At 11:14 AM 03-22-2001 -0800, Hong Zhang wrote:
>Please not fight on wording. For most encodings I know of, the concept of
>normalization does not even exist. What is your definition of normalization?
To me, the usual definition of "normalization' is conversion of something
into a standard form, especially when there are multiple equivilant forms
it could be in.
Since there are multiple ways within Unicode to express a single character
that are considered (by Unicode) to be identical, conversion into single
common form is necessary for comparison purposes.

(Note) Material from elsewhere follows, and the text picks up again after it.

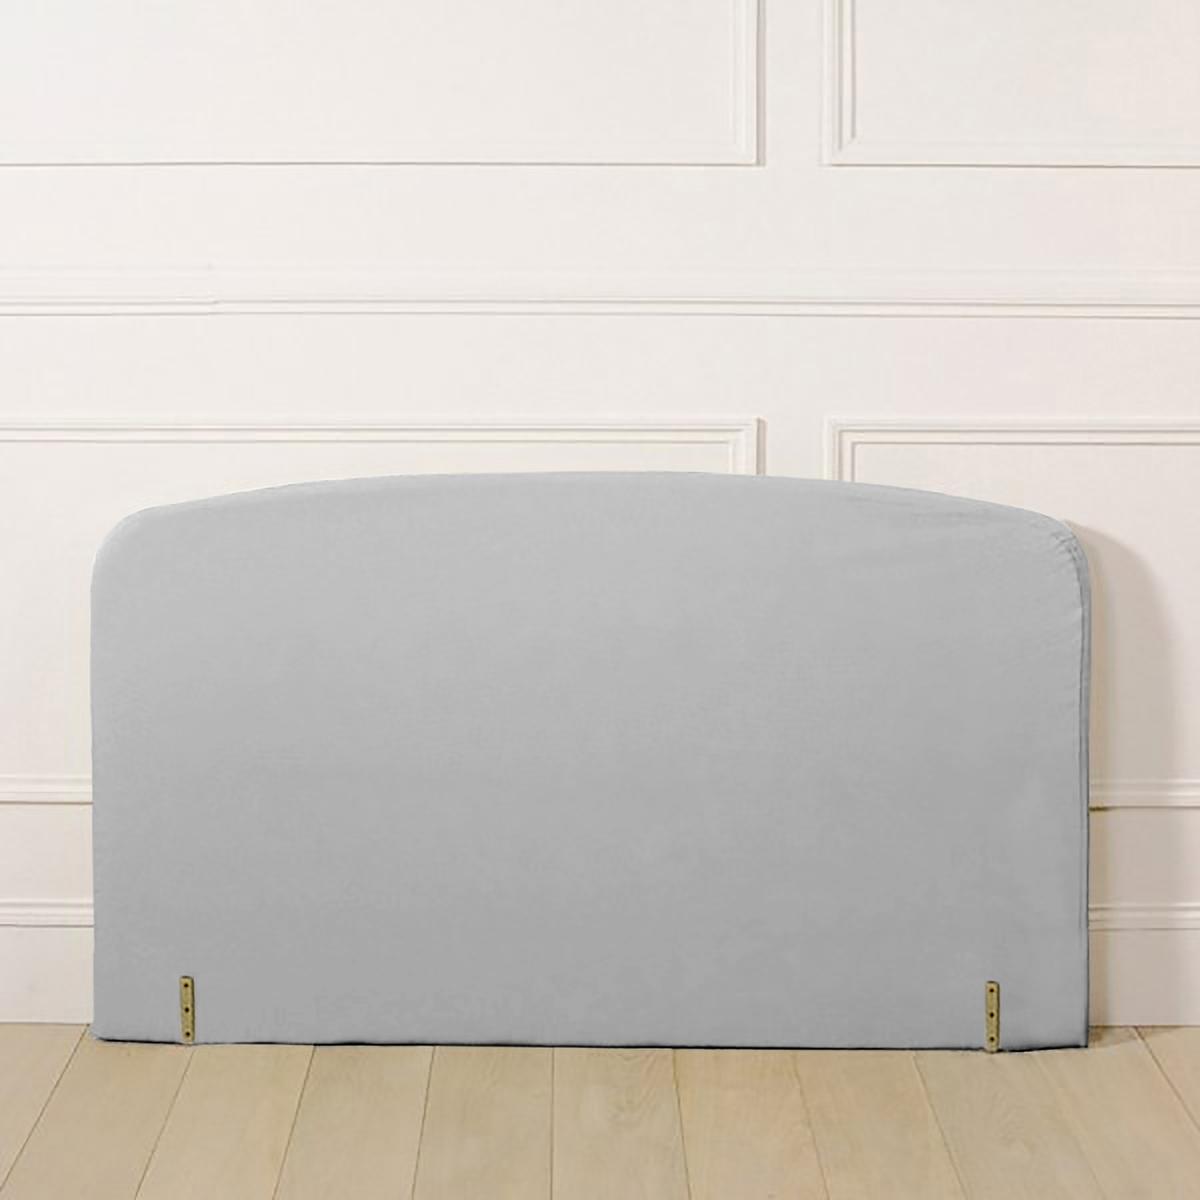 Чехол LaRedoute Для изголовья кровати изогнутой формы из поликоттона 90 x 85 см серый

Example: The sequence of Unicode code points 006E 0061 0069 0308 0076 0065
and the sequence 006E 0061 00EF 0076 0065 both represent the same string in
Unicode (the english word "naive", with a diaeresis over the i). Both
represent 5-character strings, and both are supposed to compare
identically. However, they use a different sequence of code points to
represent one particular character: the 'i' with a diaeresis: 0069 0308
versus 00EF.
If we have $naive5 and $naive6 be variable containing the two example
strings, what do we want as the value of the following expressions?
$naive5 eq $naive 6;
length($naive5);
length($naive6);
and so forth.
As far as my very limited understanding of the Unicode standard goes, they
should compare equal, and both have a length of 5. But their encoded byte
sequences may not be identical.
>I fully understand this. This is one of the reasons I propose sole UTF-8
>encoding. If length() and substr() depend on string internal encoding,
>are they still useful? Who can handle this magic length().
UTF-8 encoding doesn't fix the above problem. UTF-8 would still encode the
two strings differently, because they have different code point
sequences. For that matter, so would any of the other encoding
suggestions. As such, for the above problem, encoding is pretty much a
non-issue.